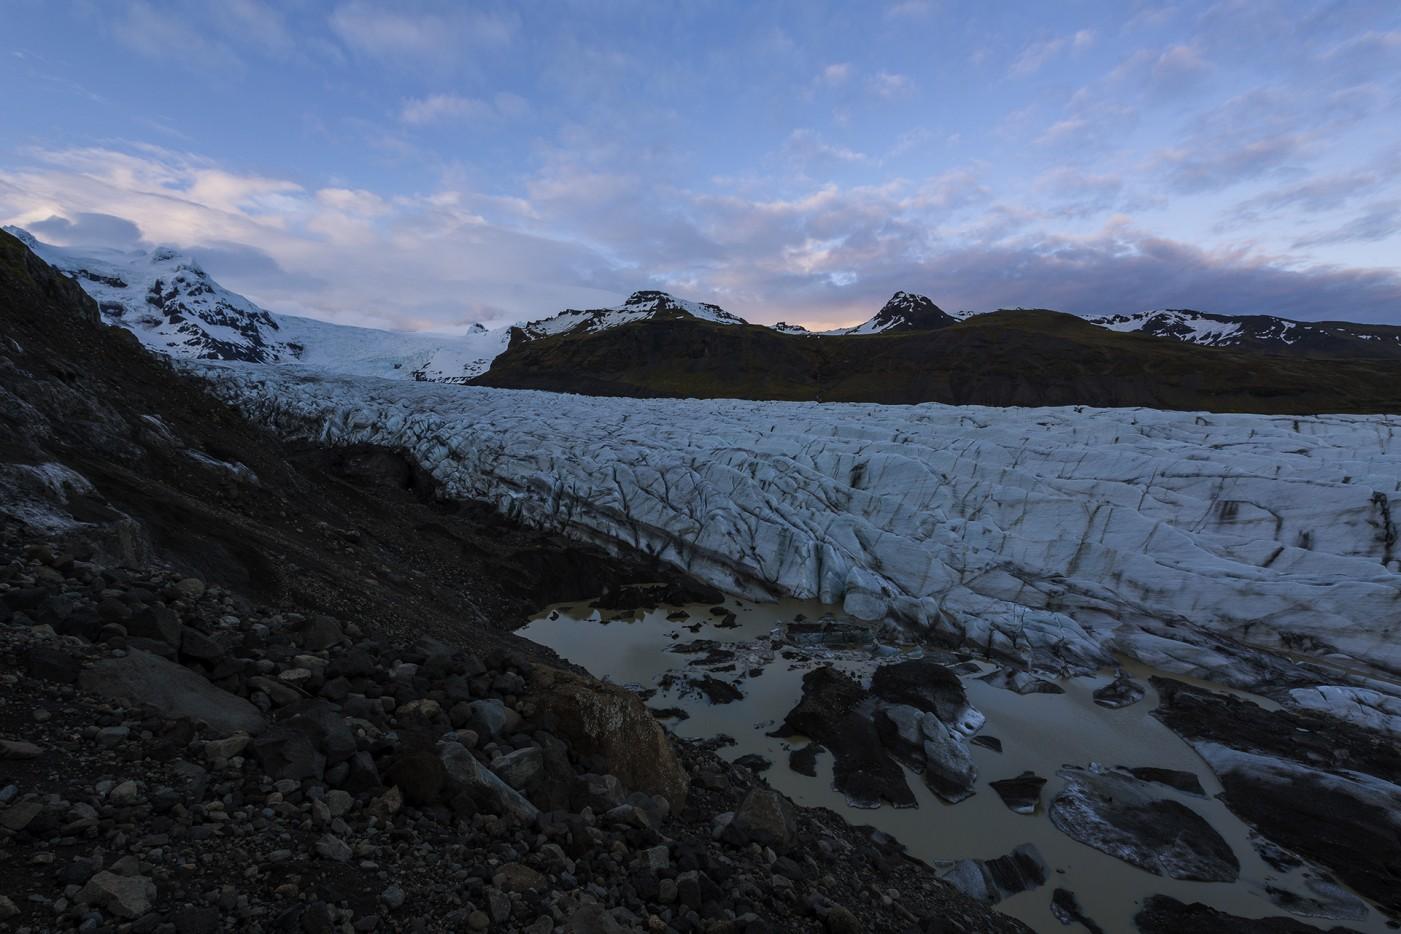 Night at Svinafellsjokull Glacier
------------------------------
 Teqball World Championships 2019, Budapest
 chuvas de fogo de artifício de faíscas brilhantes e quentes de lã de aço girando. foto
------------------------------
▶ _WHAT TO DO_
In the listing above, locate the line containing "Teqball World Championships 2019, Budapest" and the line containing "chuvas de fogo", then transcribe both and every line between them verbatim.

▶ _RESPONSE AREA_
 Teqball World Championships 2019, Budapest
 chuvas de fogo de artifício de faíscas brilhantes e quentes de lã de aço girando. foto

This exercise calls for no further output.